In pursuit of that union between climate and energy, EDF placed all its eggs in the basket of cap and trade.  As we all know at one point it had been close to coming to pass, but close nets us no cigar.  When the cap-and-trade basket broke, EDF whisked its eggs into natural gas.  Perceiving prospect amidst peril, EDF is attempting to partner with the industry to "do things right", like the wife of a rampaging husband who, on days he doesn't hit her, assures herself he's starting to respect her. 

Proponents and partners of natural gas tout its cleaner combustion, and it is indeed the case that with gas (but not oil) combustion, we are seeing lower levels of air pollution--as long as we restrict our view to the burning.  Carbon-dioxide emissions from burning coal total 2,200 pounds per megawatt hour while those from burning natural gas total a relatively paltry 950 pounds per MW.h.  But power-plant emissions are hardly the whole story.  A truer picture of energy effects requires including the entire production cycle.  In the case of coal it is relatively simple.  Coal is mined and processed, transported, and burned--three simple steps if we ignore the impacts of detonating any mountains in our way.  Natural gas, on the other hand, once extracted, must be processed to remove impurities, transmitted along pipelines or in trucks, stored, and locally distributed before it can be burned--a five-step process that, once again, overlooks the minutia of drilling. 

EDF has chosen to partner with the oil-and-gas industry "to do things right".  Can fracking be our friend? 

Frack dance

Fracking, says Grossman, equals energy security.  How often those seductive words do susurrate.  Energy security will make us safe from scheming furriners.  Energy security will protect our unsustainable lifestyle.  Energy security will restore us to our proper place in the eyes of an envious world.  Of course, energy security refers exclusively to newfound (or newly accessible) fossil fuels. 

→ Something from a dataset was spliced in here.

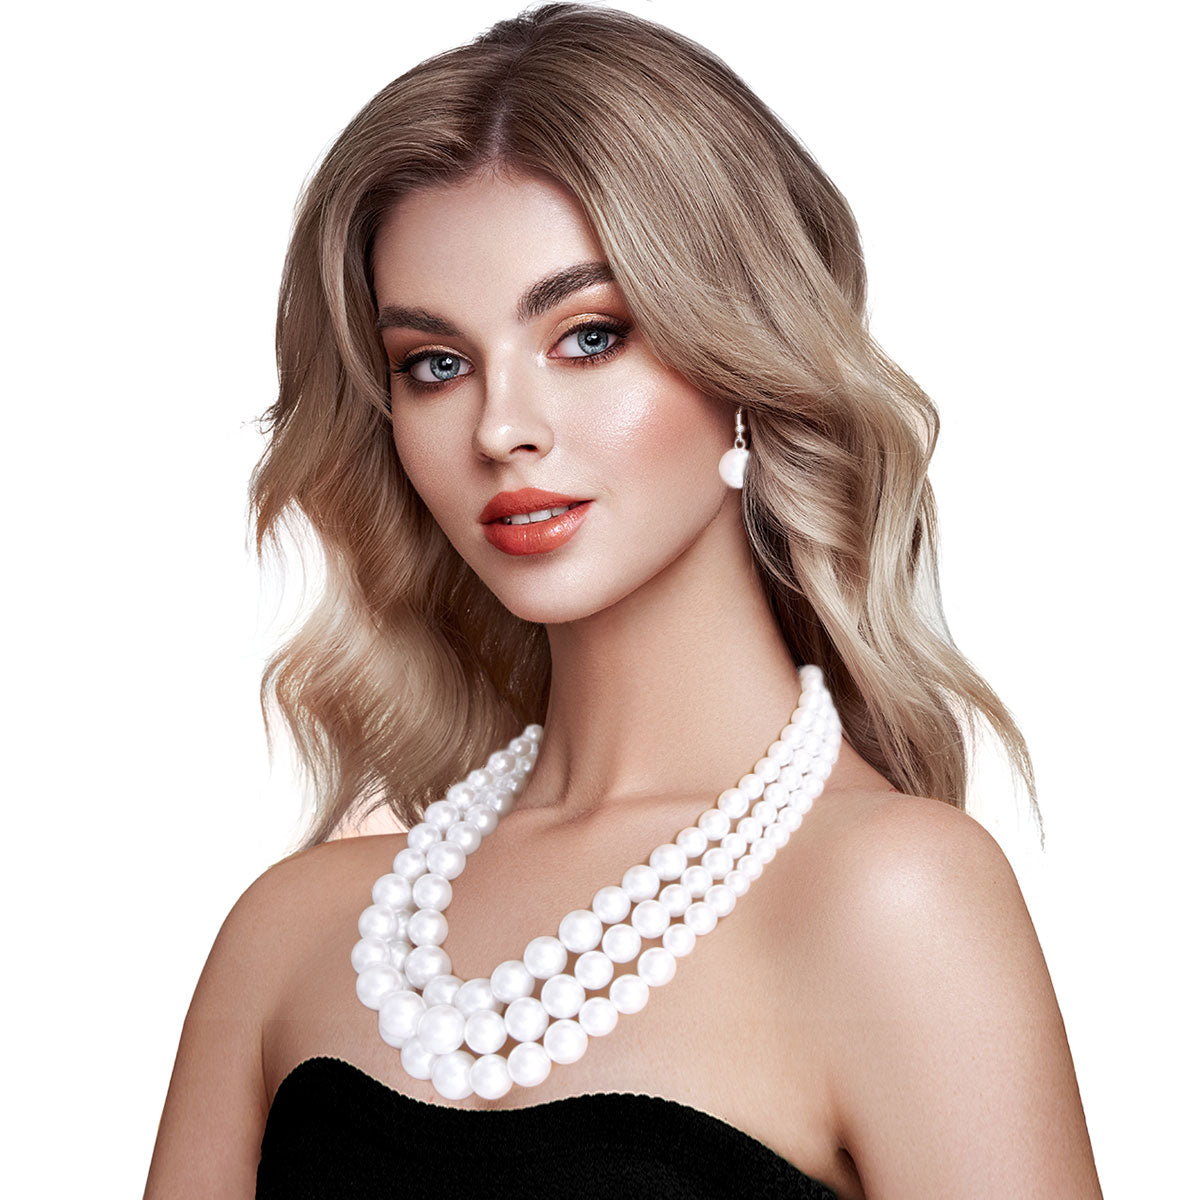 White Pearl Graduated Multi Strand Necklace Set

In a talking point lifted right out of the industry's litany, Grossman said that hydraulic fracturing has been around for a long time.  Except it hasn't--horizontal slickwater fracking had its first success in 1998, transforming the industry and introducing a technology that is still being "perfected".  Perhaps to believe that fracking has been around a long time assuages doubts about how well tested is the technology and how innocuous its tailings. 

Undoubtedly fracking is providing an economic bonanza to those areas perched fortuitously or not, depending on perspective, atop the right sort of shale.  This bonanza of gas and of oil, which, oh hallelujah, can be fracked as well, is increasing the energy security of this country.  We don't import so many foreign fossil fuels and may even be in a position to distribute our own, or our technology, to the rest of the world.  When that happens, be warned:  Any who endeavor to spurn our largesse may bump up hard against the Trans-Pacific Partnership.  Let them burn gas. 

Frack dunce

Now that fracking is for oil as well as gas, we have a new manifestation of an old problem.  Gas is often associated with oil in oil fields or even in coal beds where it is known as coal-bed methane.  (When gas like Cinderella is the sole hydrocarbon in the realm it is "non-associated".)  When a driller is looking for oil and comes across unbidden gas, he can't patch it through another pipe because facilities for the two fuels diverge.  So he lets it go.  You've seen them in Texas and now North Dakota--flame-spouting apertures through which unwanted natural gas is being flared.  Vastly worse for the planet since methane is so a potent a hothouse gas is the practice of simply venting surplus gas to air.  Both customs were common throughout the last century and are still in practice now, with the emphasis nominally on flaring. 

There may be less air pollution when gas is burned, but occasions abound for water most foul.  Contamination of water, be it ground- or surface, Grossman tells us, occurs more frequently from spills than from drilling.[3]  Whichever the culprit, results are the same--contaminated water.  Water uncontaminated is in great demand for fracking, and at this time most water used to frack is useless ever after.  Any water diverted in the semi-arid, full allocated West will be subtracted from some other purpose. 

In the midst of the gas rush lurks the obstinate problem of methane leaks.[4]  For Grossman and the EDF, the solution is simply to reduce those leaks.  Easier said than done; on the path from shale to stove, invisible defects are rife.  And estimates of the extent of leakage diverge.  Still working on that marriage, EDF is teamed with industry to pinpoint that percentage.  The question is how to fix it. 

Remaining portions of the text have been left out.